Plus rarement, une dizaine de dénominations font référence à des animaux ou des parties corporelles de ceux-ci. Ce sont principalement des animaux terrestres, liés à la ferme « bezhin moc'h » [algue cochon] ou à la vie quotidienne « pennou chas » [tête de chien] (Le Berre, 1968). Pelvetia caniculata est parfois appelée « bezhin pistis » [algue à vers de vase] (Ibid). Quelques éléments dans les entretiens laissent penser qu’elle servait à conserver vivants ces appâts recherchés. Dans la figure 9, apparaît le terme breton « chifretez », dont la traduction signifie crevette. La personne qui a utilisé cette dénomination n’a pas fourni d’explication.

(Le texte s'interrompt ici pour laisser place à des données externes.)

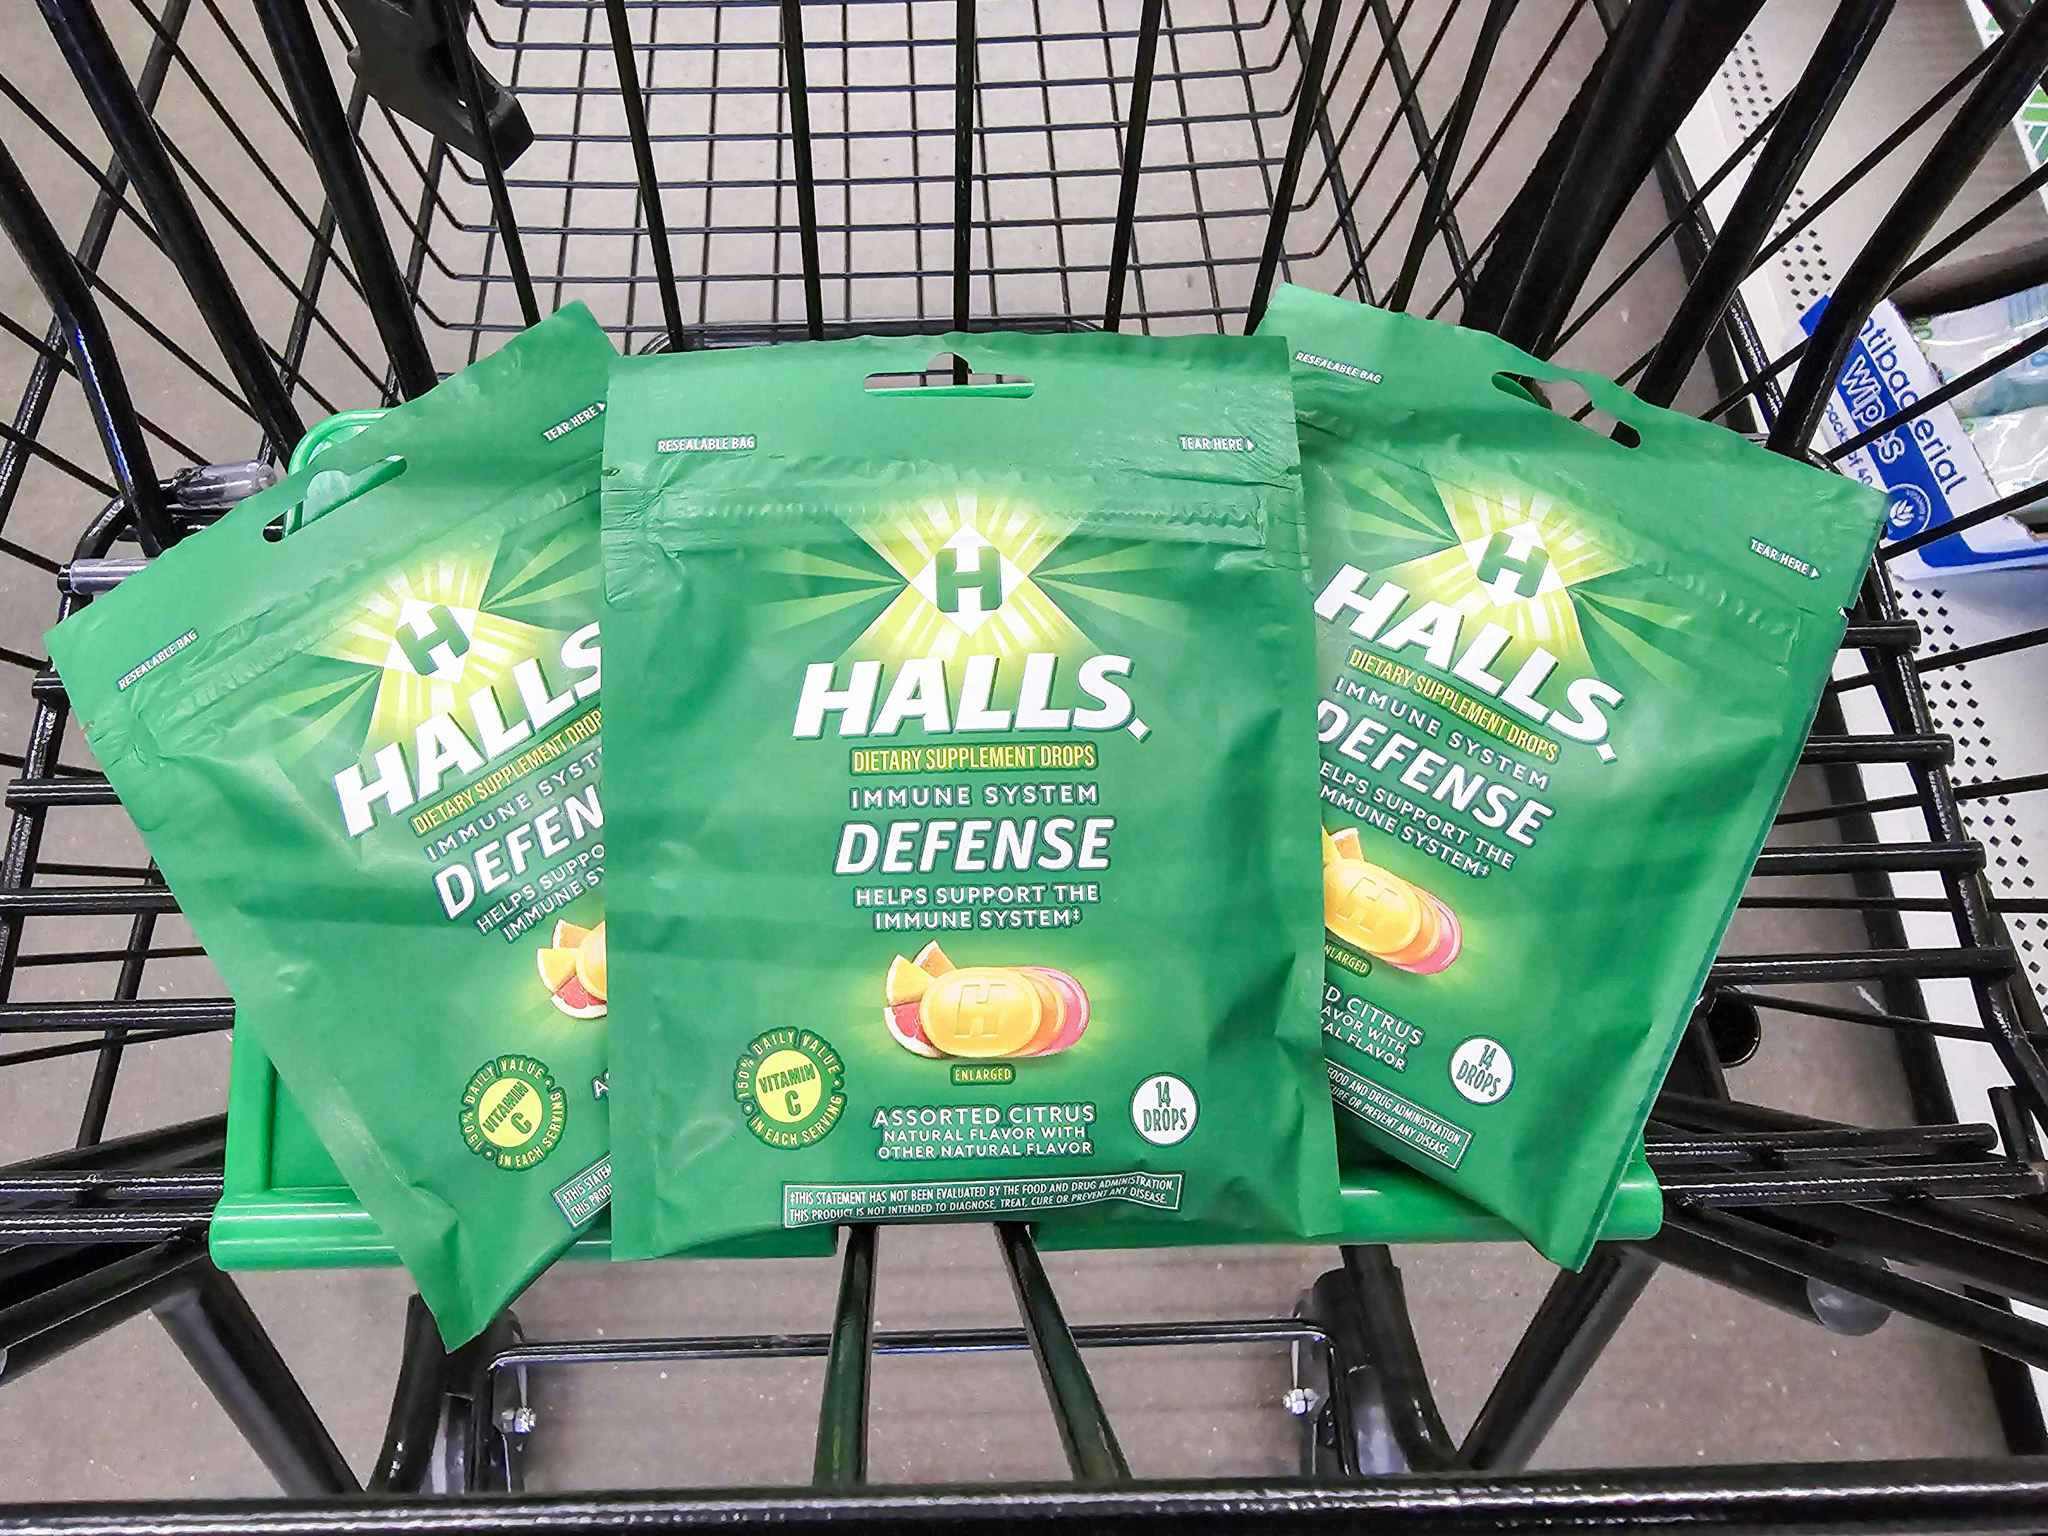 3 bags of halls cough drops in a cart

Enfin, plusieurs auteurs notent les dénominations suivantes : « bezhin tan » [algue brûlée], « bezhin soud » [algue soude] (Trepos, 1960), ou « bezhin trempan » [algue engrais] (Nyberg & Ar Gall, 1996), en y associant de façon très variable plusieurs espèces d’algues. Il s’agit de catégories qui se réfèrent directement à l’usage ou à la transformation des algues. Plusieurs de ces catégories, mais aussi un grand nombre des déterminants cités précédemment, sont associées au terme de base « goémon ». Ainsi, les dénominations bretonnes qui ont fait l’objet d’une attention particulière et qui se retrouvent dans la littérature, révèlent ce qui a pu faire sens pour les personnes : comment elles ont été connues et reconnues et quels sont les usages faits des algues. Il est intéressant de constater que les dénominations et les regroupements des espèces d’algues dans la littérature se basent sur les usages. Bien que les anciens collecteurs interrogés aient connu ces pratiques et ces usages, ils ne sont que peu mentionnés directement.

Si la disparition des pratiques, la diminution des personnes bretonnantes, les objectifs et les méthodes d’enquêtes des différents auteurs sont des facteurs qui peuvent expliquer ces divergences, il semble qu’un ordonnancement se fasse au travers de catégories complexes et dynamiques. Analyser ces catégories va alors nous permettre de retracer l’histoire des usages des algues et des personnes.